Action item:
Everything in the listing below needs restating exactly, apart from the pictures.

Data shown:
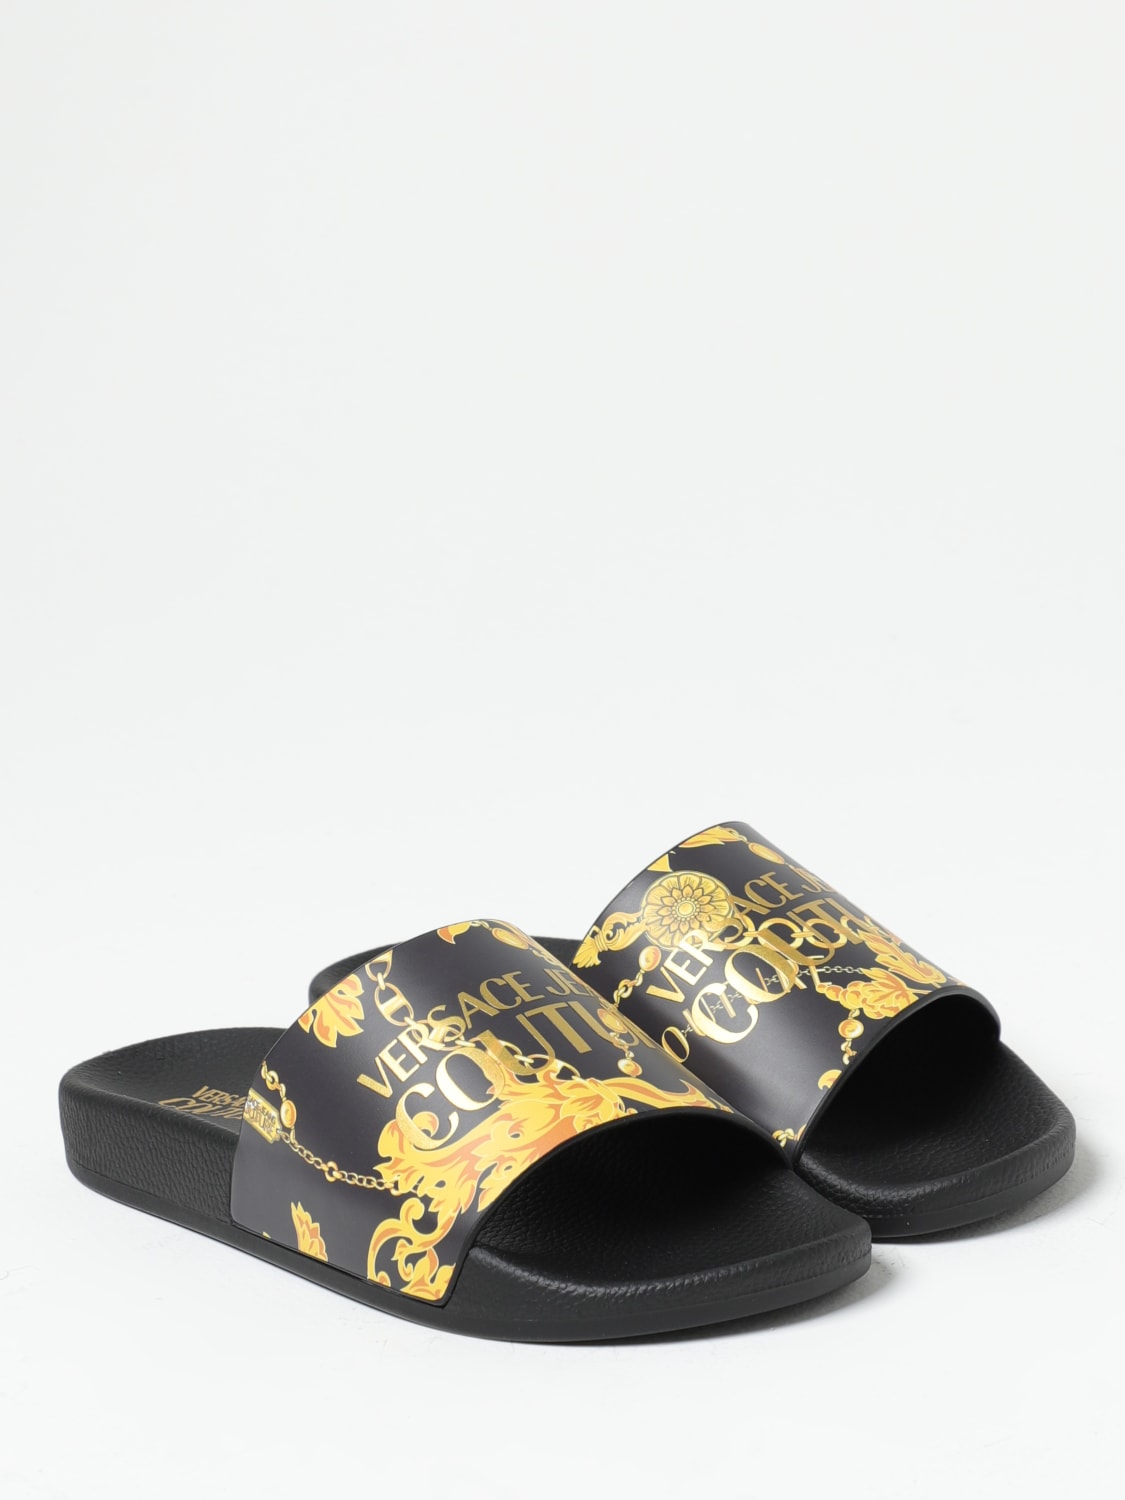 VERSACE JEANS COUTURE：サンダル メンズ - ブラック | GIGLIO.COM ...
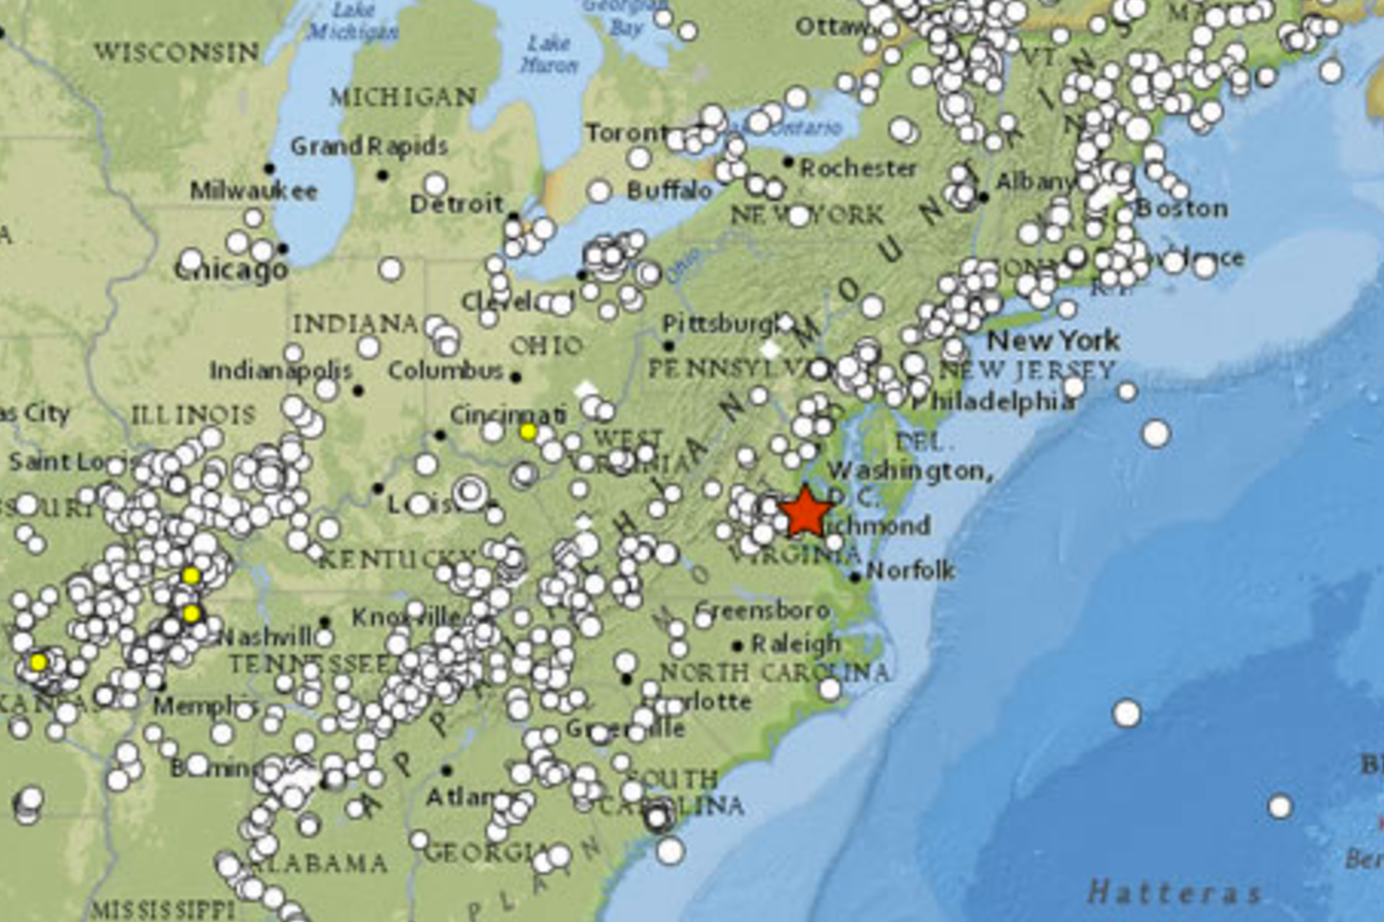  A red star denotes the location of the August 23, 2001 earthquake, and the dots represent the locations where people reported feeling the tremor to the United States Geological Survey. (Image: USGS) 
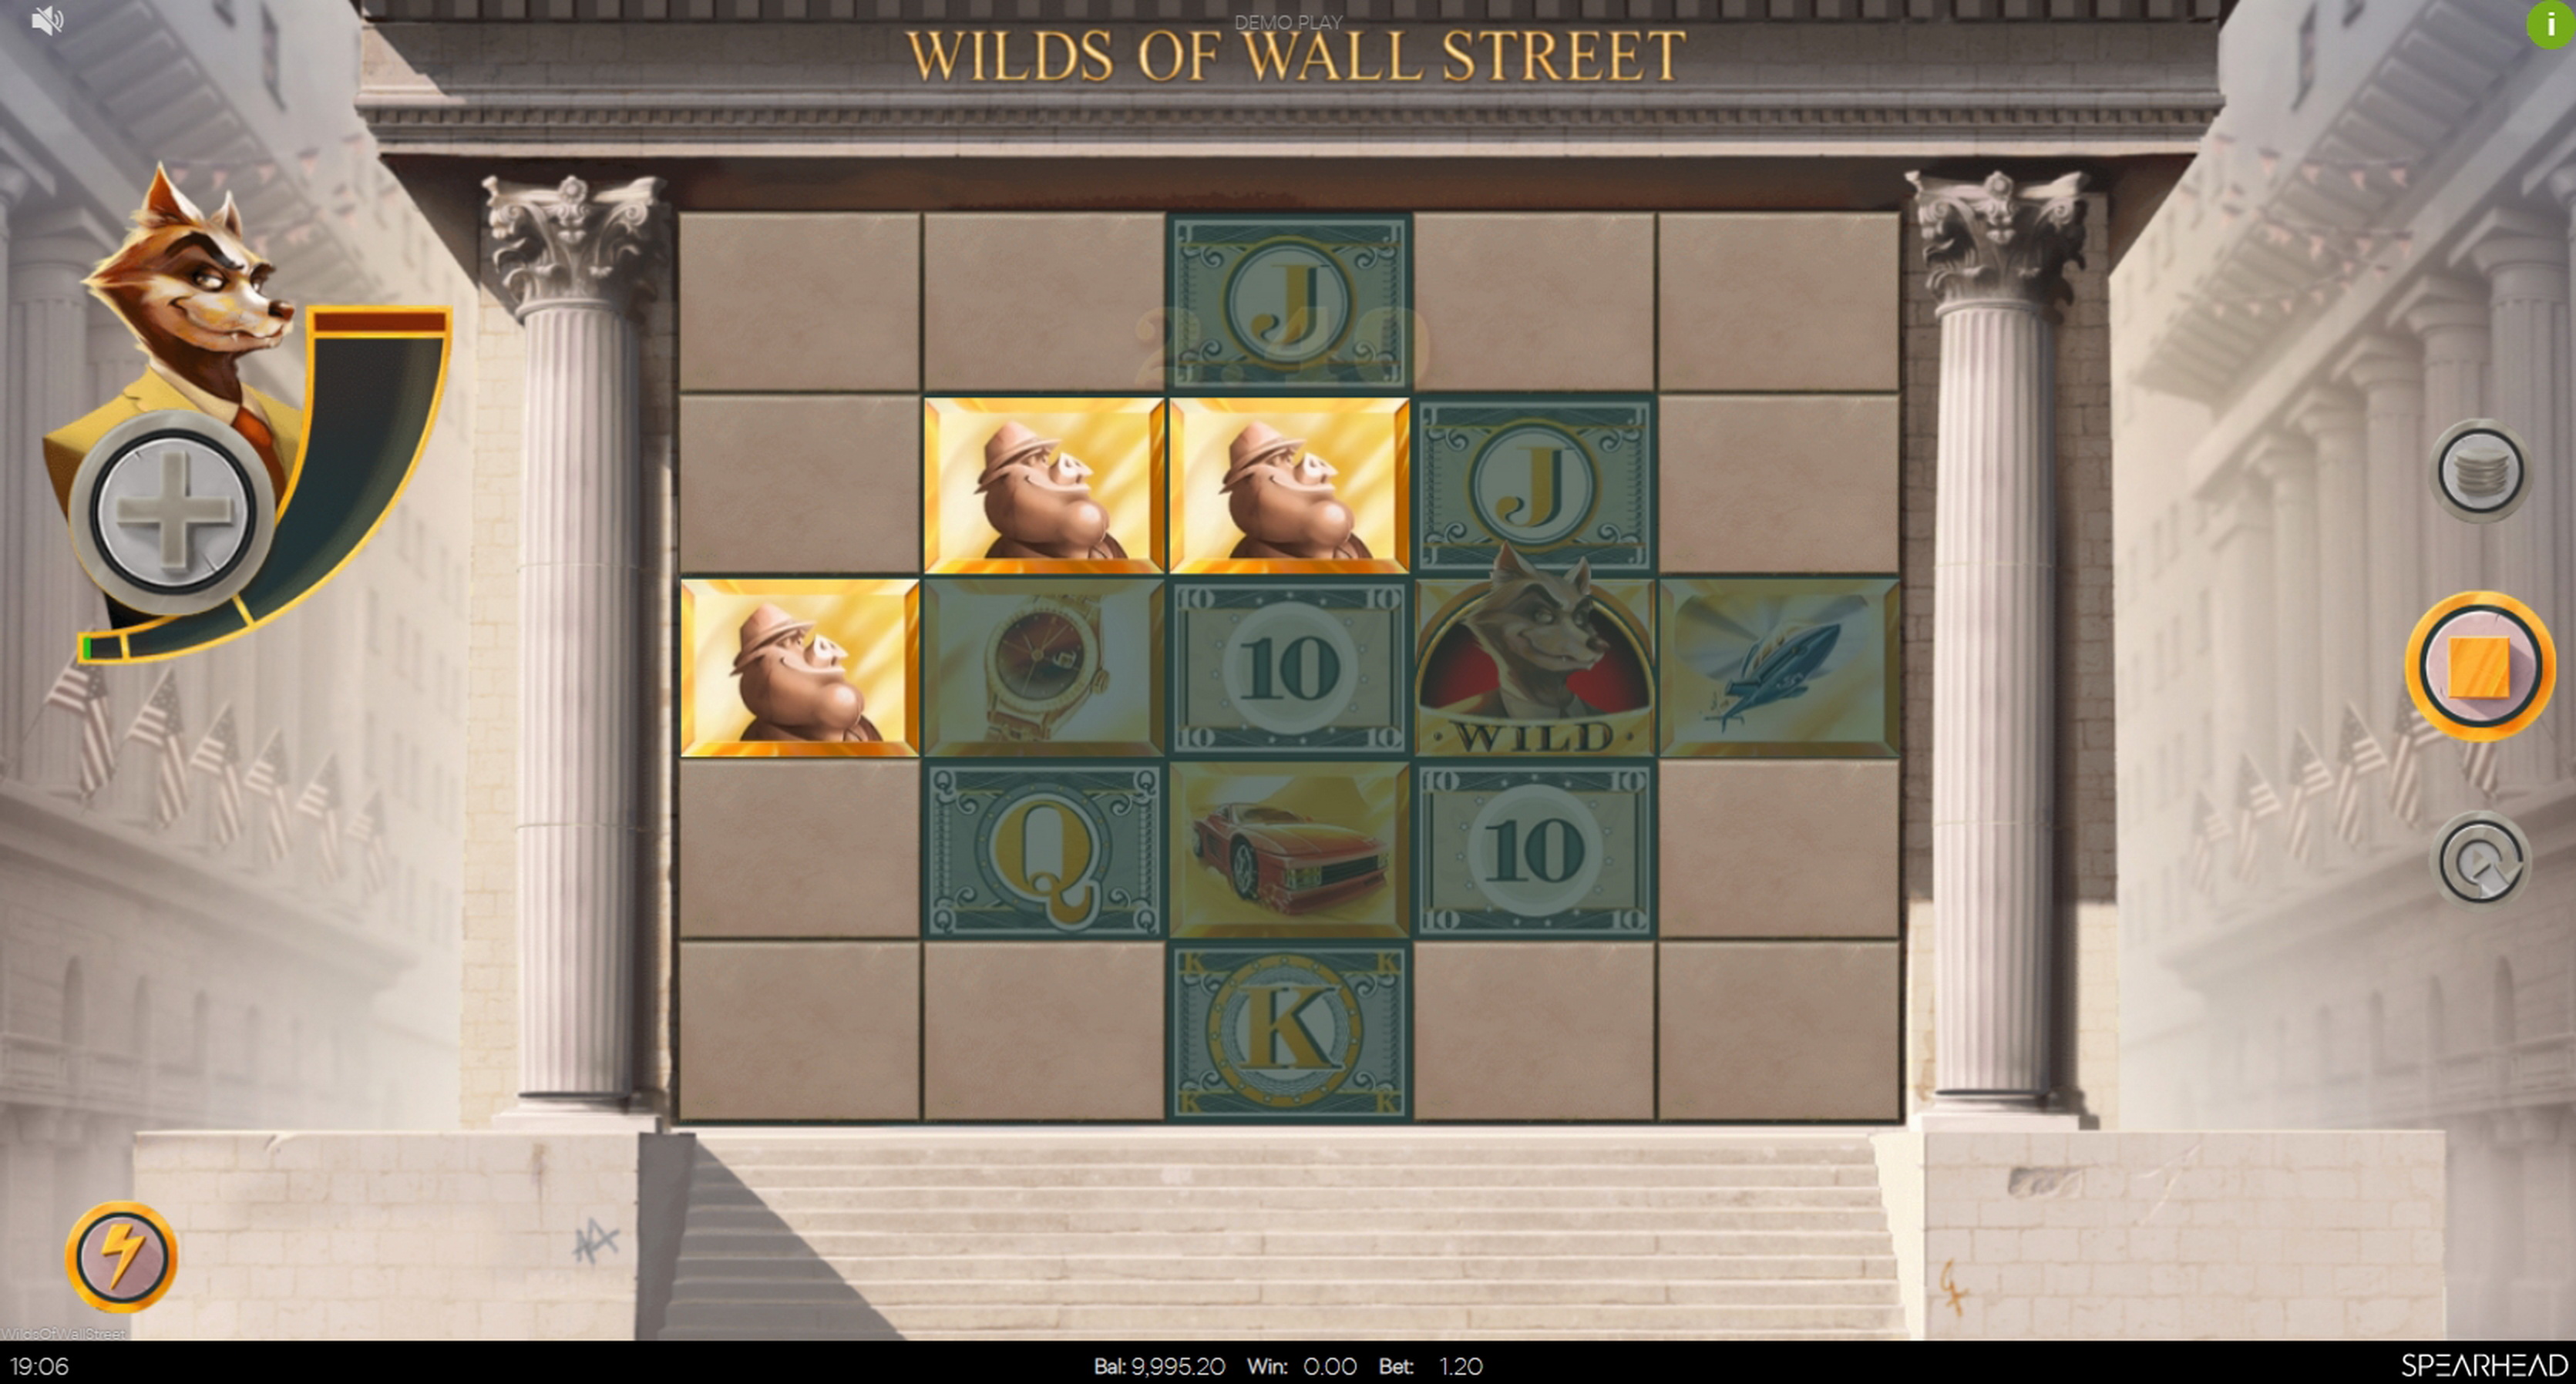 Win Money in Wilds of Wall Street Free Slot Game by Spearhead Studios

Output below:
 VERSACE JEANS COUTURE：サンダル メンズ - ブラック | GIGLIO.COM ...
  A red star denotes the location of the August 23, 2001 earthquake, and the dots represent the locations where people reported feeling the tremor to the United States Geological Survey. (Image: USGS) 
 Win Money in Wilds of Wall Street Free Slot Game by Spearhead Studios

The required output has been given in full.